◆ **Goal of the exercise**
Word for word, output every line of the material below, minus pictures.

◆ **Data block**
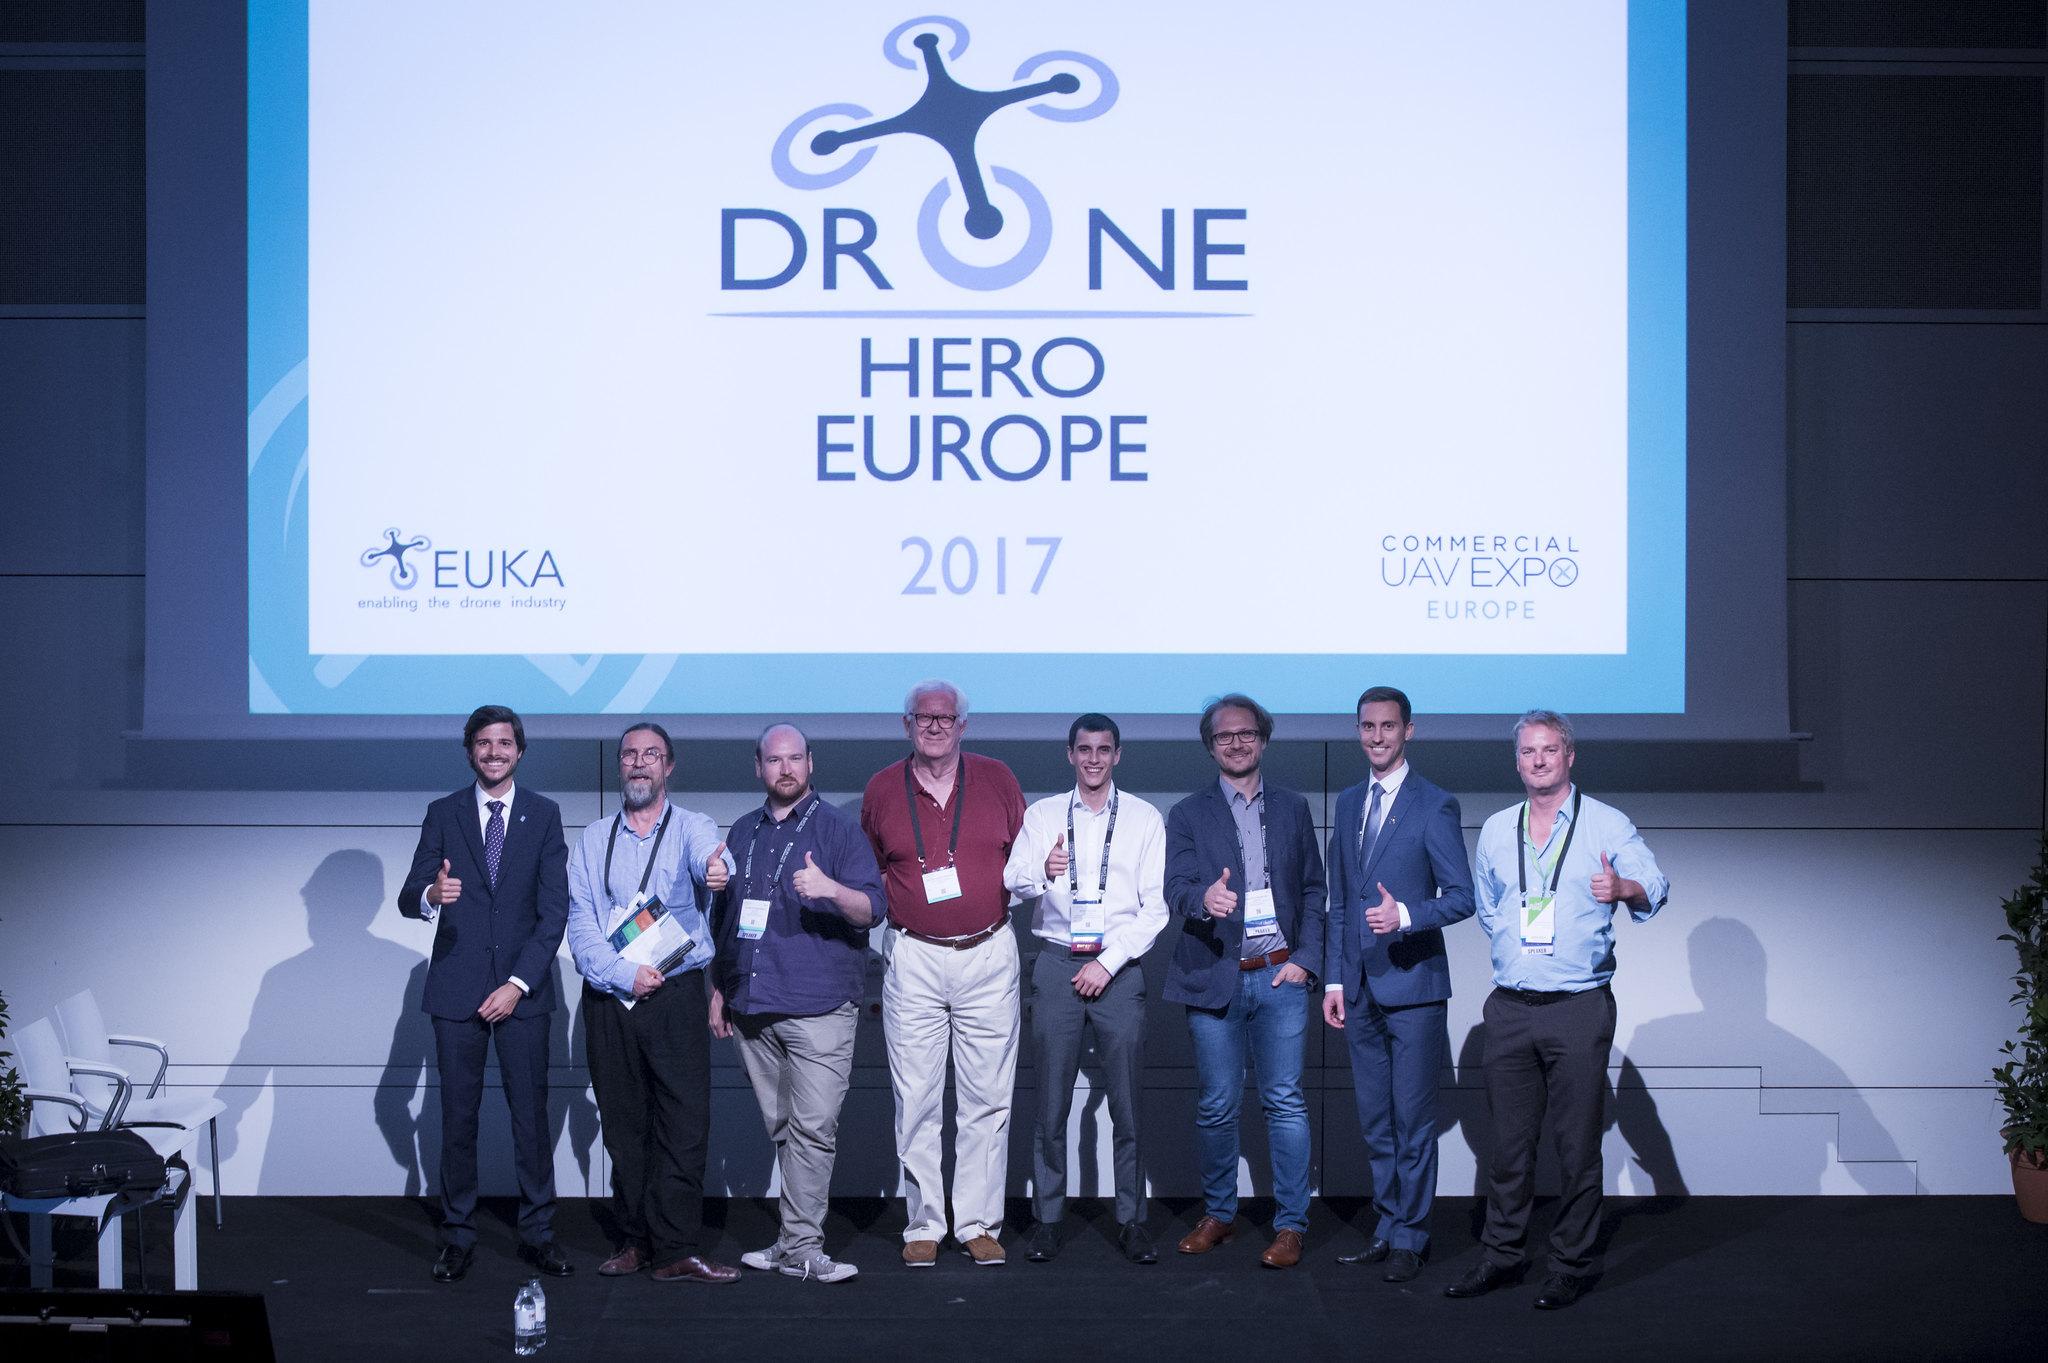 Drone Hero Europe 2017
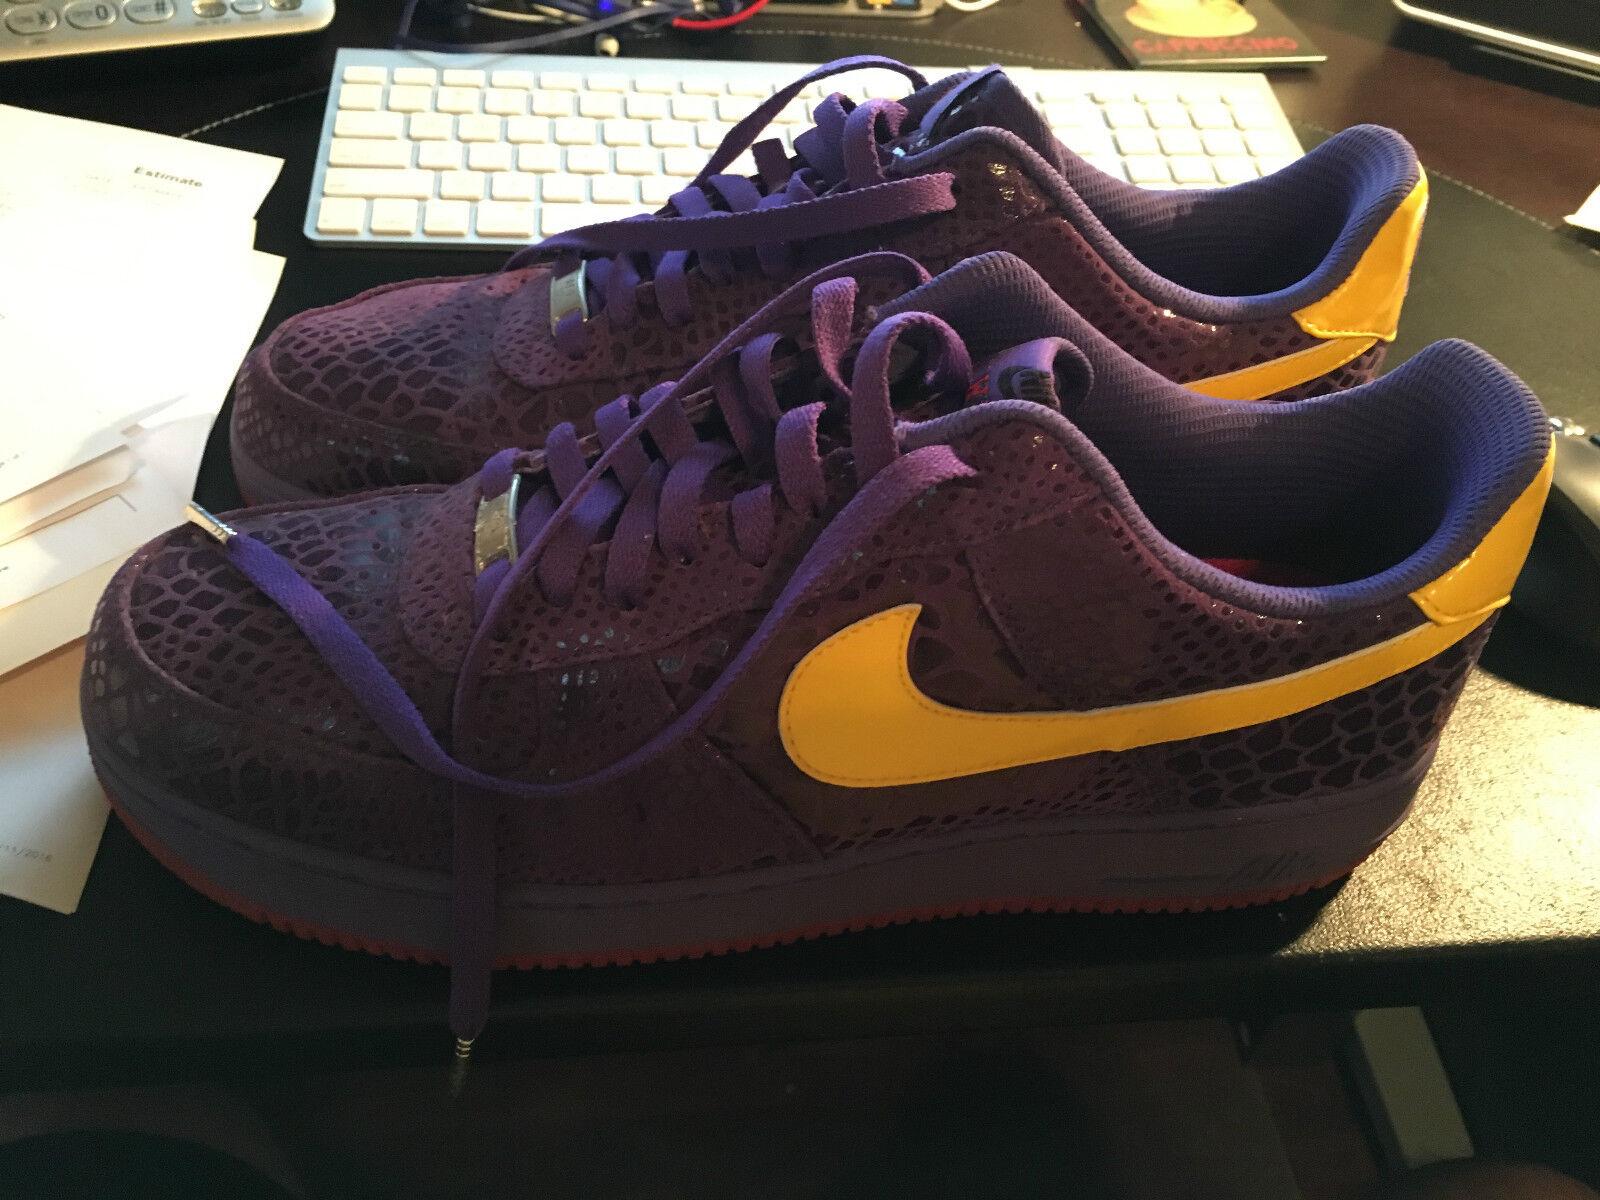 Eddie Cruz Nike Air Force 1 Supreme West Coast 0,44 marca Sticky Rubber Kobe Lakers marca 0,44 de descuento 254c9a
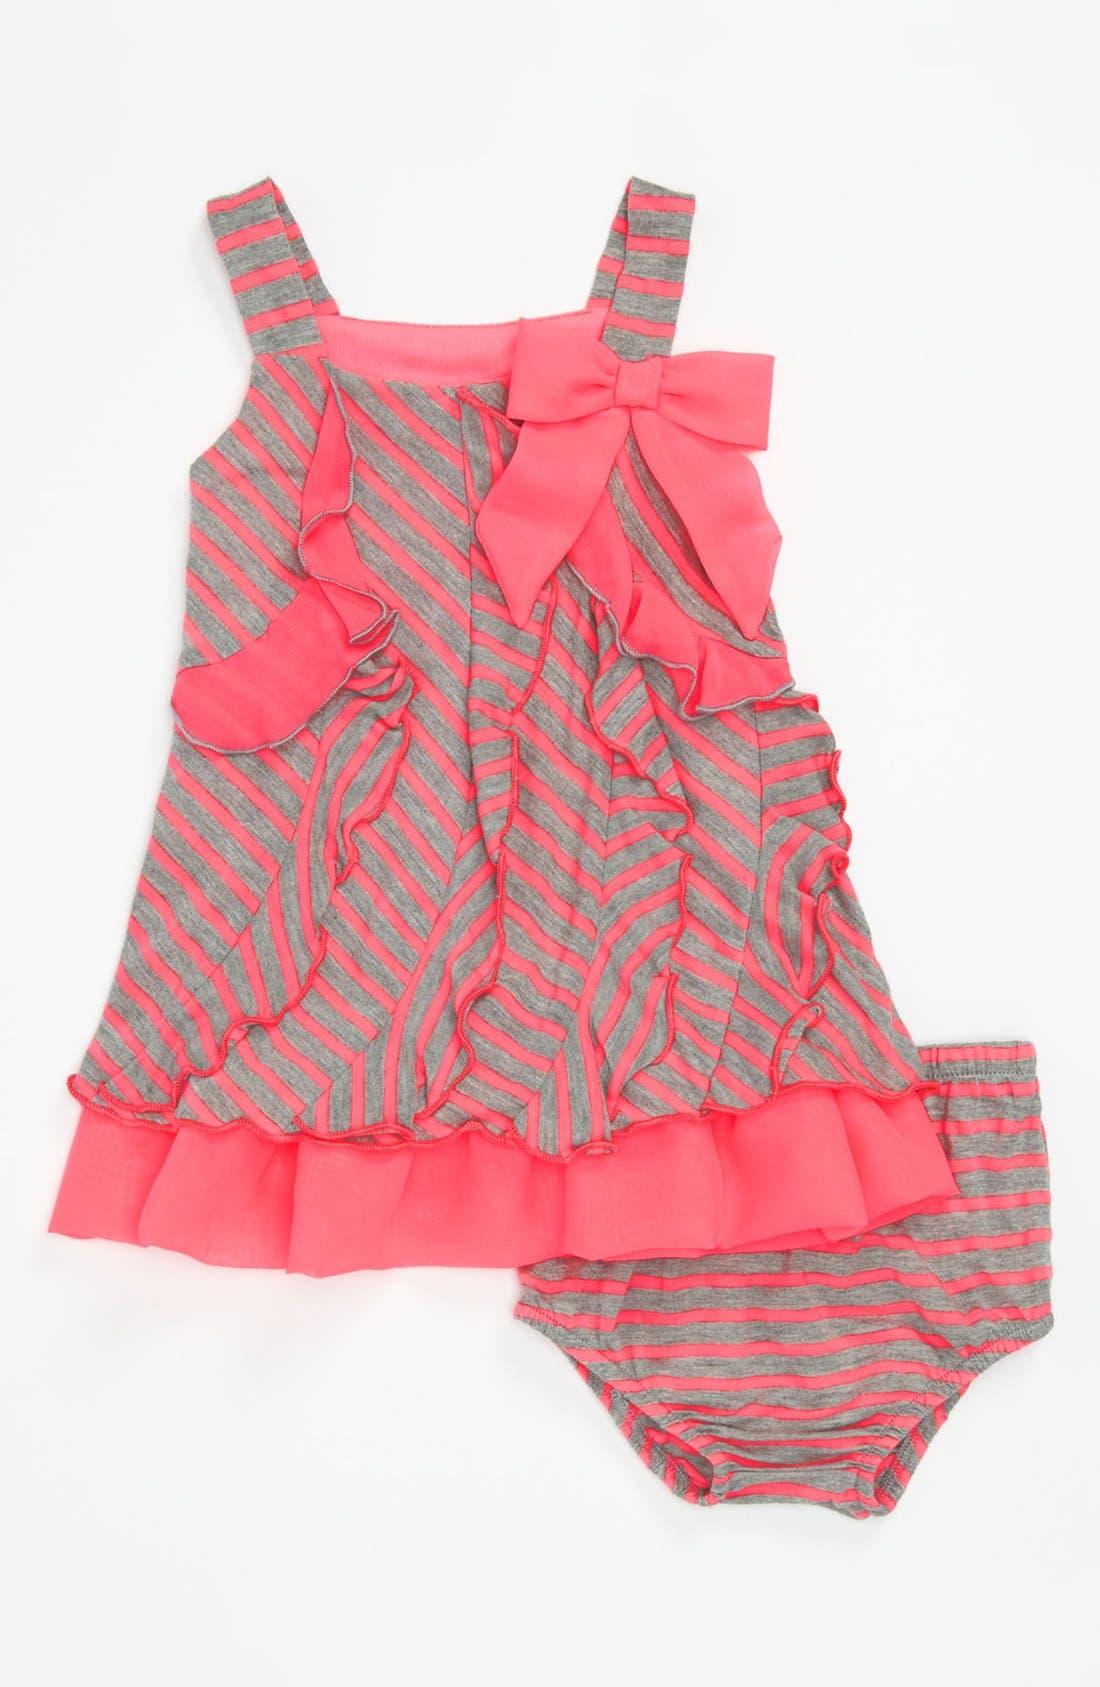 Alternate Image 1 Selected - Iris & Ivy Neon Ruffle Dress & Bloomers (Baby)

◆ **Answer below**
 Drone Hero Europe 2017
 Eddie Cruz Nike Air Force 1 Supreme West Coast 0,44 marca Sticky Rubber Kobe Lakers marca 0,44 de descuento 254c9a
 Alternate Image 1 Selected - Iris & Ivy Neon Ruffle Dress & Bloomers (Baby)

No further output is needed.